Nas redes sociais, Dr. Dario publicou vídeos de campanha nas quais divulga obras na cidade como reforma de praças e recapeamento de ruas. Em nota, a prefeitura disse que, antes do contrato, o contrato passou por “análise minuciosa da Secretaria do Tesouro Nacional, da Procuradoria da Fazenda Nacional, do Tribunal de Contas do Estado e da própria instituição financeira”. Além disso, teve aval da Câmara Municipal.

‘Necessidades urgentes’

Outro candidato à reeleição que recorreu a empréstimos neste ano foi o prefeito de Vilhena (RO), município de 95 mil habitantes localizado a 700 quilômetros da capital, Porto Velho. O delegado Flori Cordeiro de Miranda (Podemos) assinou um contrato para receber R$ 25 milhões em empréstimo bancário no dia 16 de julho. O valor equivale a 70% do repasse do FPM que a cidade receberá ao longo de 2024.

O prefeito de Vilhena tem prometido, em suas redes sociais, usar o recurso extra para ampliar escolas e fazer o “maior programa de expansão de creches” do município em caso de reeleição, mas nega que a medida tenha cunho eleitoral.

“Apesar de ser ano de eleição, a solicitação para obtenção da operação de crédito não é eleitoreira. São necessidades urgentes que os municípios têm”, disse a prefeitura de Vilhena, por meio de nota.
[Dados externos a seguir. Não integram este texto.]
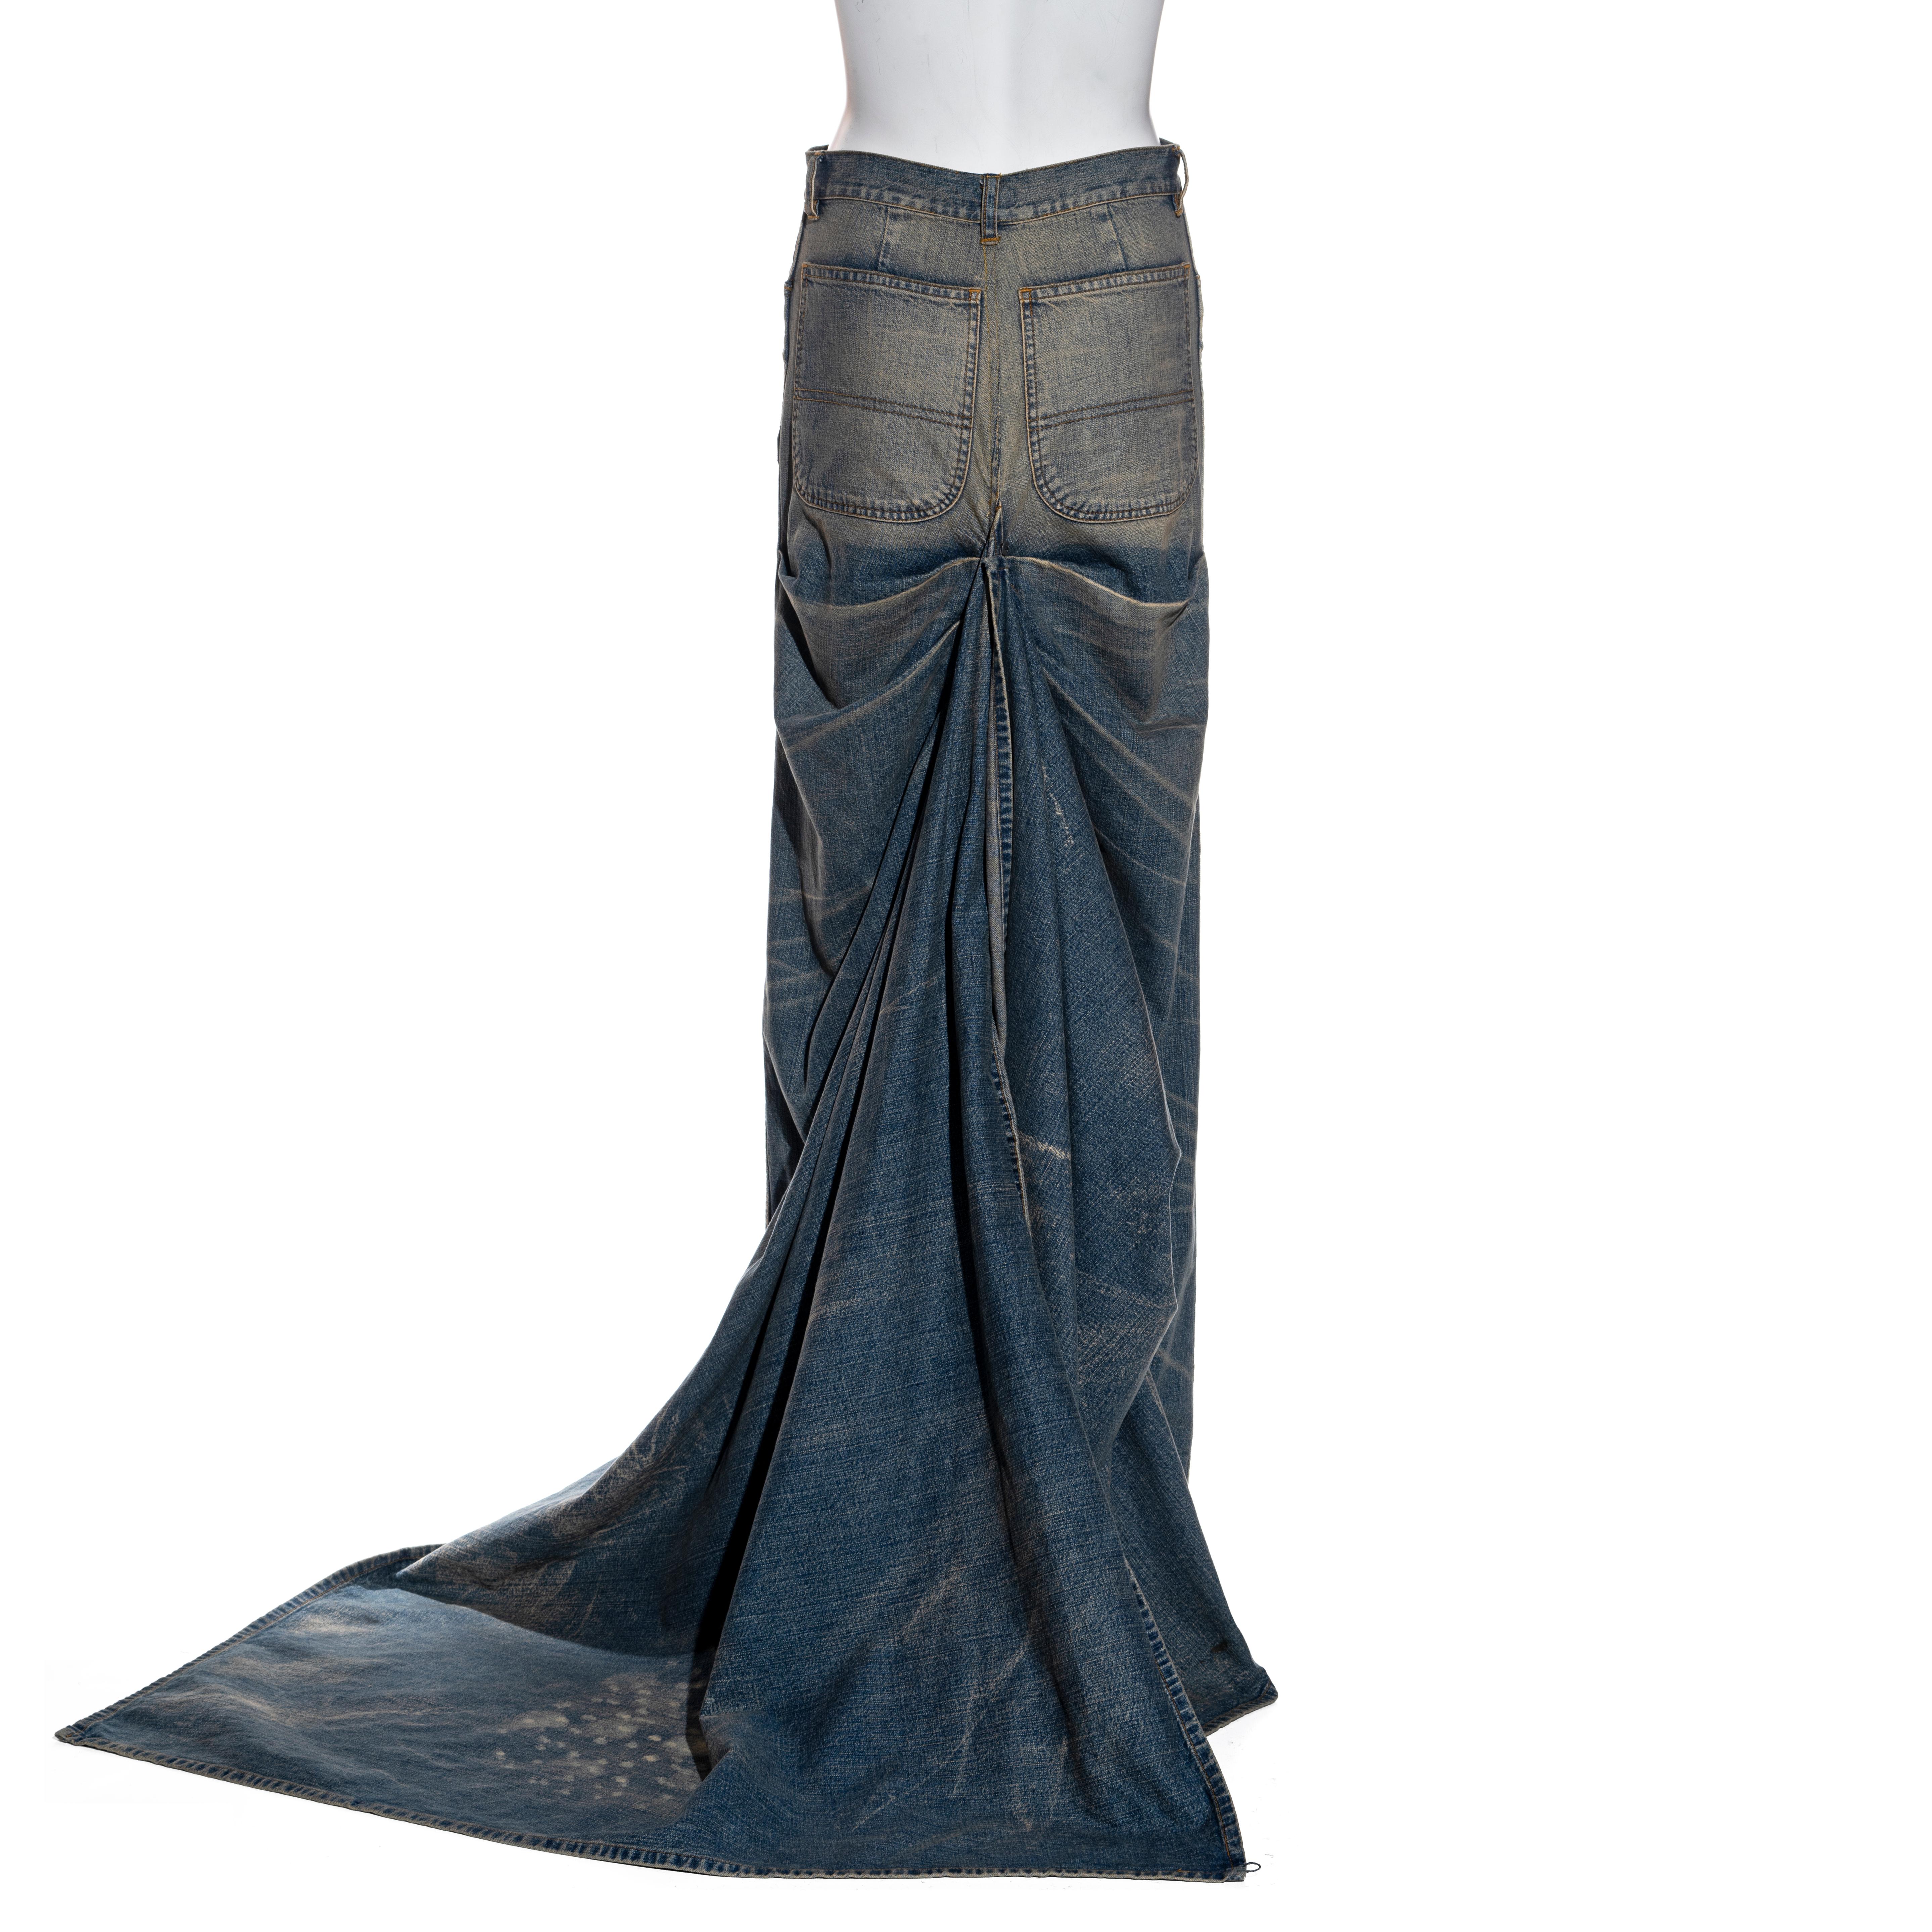 Ralph Lauren distressed denim floor-length bustle skirt with train

Mesmo os prefeitos que encerraram seu mandato em dezembro recorreram a empréstimos para turbinar a caixa neste ano. Em Pará de Minas (MG), a 89 quilômetros de Belo Horizonte, o prefeito Elias Diniz (PSD) dividiu o município que comandou nos últimos sete anos em R$ 60 milhões. Ele tenta eleger como sucessora sua ex-secretária municipal de Cultura e Comunicação, Andréia Xavier Paulino (PSD).

Procurada, a prefeitura não retornou aos contatos. O contrato com o banco informa que o dinheiro será aplicado em obras de infraestrutura, sem especificar quais. O valor é superior aos R$ 47,1 milhões que o município deve arrecadar de FPM no ano.

Fiscalização

O advogado especialista em contas públicas Valdir Moysés Simão, ex-ministro da Controladoria-Geral da União, afirma que a Lei da Responsabilidade Fiscal (LRF) disciplina esse tipo de operação feita por prefeituras, mas que em alguns casos as contraídas pelos prefeitos podem “desequilibrar a disputa eleitoral ou até inviabilizar a futura gestão”.

— Também representa risco ao gestor que contraiu a dívida e executou despesas que, certamente, serão escrutinadas pelo sistema de controle, em especial se o agente político não for reeleito, o que dificultará a obtenção das informações de permissão para a prestação de contas — afirmou ele .

O economista Gilberto Braga, professor de finanças do Ibmec, lembra que o governo federal é recorrentemente chamado para socorrer prefeituras individualizadas:

— Há essa tendência por parte dos candidatos e prefeituras de abrir frentes de obras em ano eleitoral, de colocar placas para marcar a gestão sem analisar com bastante coerência a fonte de recursos — disse o economista.

Boa parte das iniciativas é postergada ou mesmo abandonada depois das eleições. Nesses casos em que a prefeitura não consegue pagar, a dívida acaba tendo que ser assumida por outros entes da federação.

— O problema é que, quando é preciso executar essa garantia e o FPM é retido, os prefeitos entram na Justiça argumentando que não podem faltar recurso para saúde e educação, por exemplo. Só que o prefeito desviasse ter avaliado isso antes de contrair a dívida. No fundo, quem vai pagar a conta do município é o estado e o governo federal — afirmou o economista Gabriel Barros, ex-diretor da Instituição Fiscal Independente do Senado.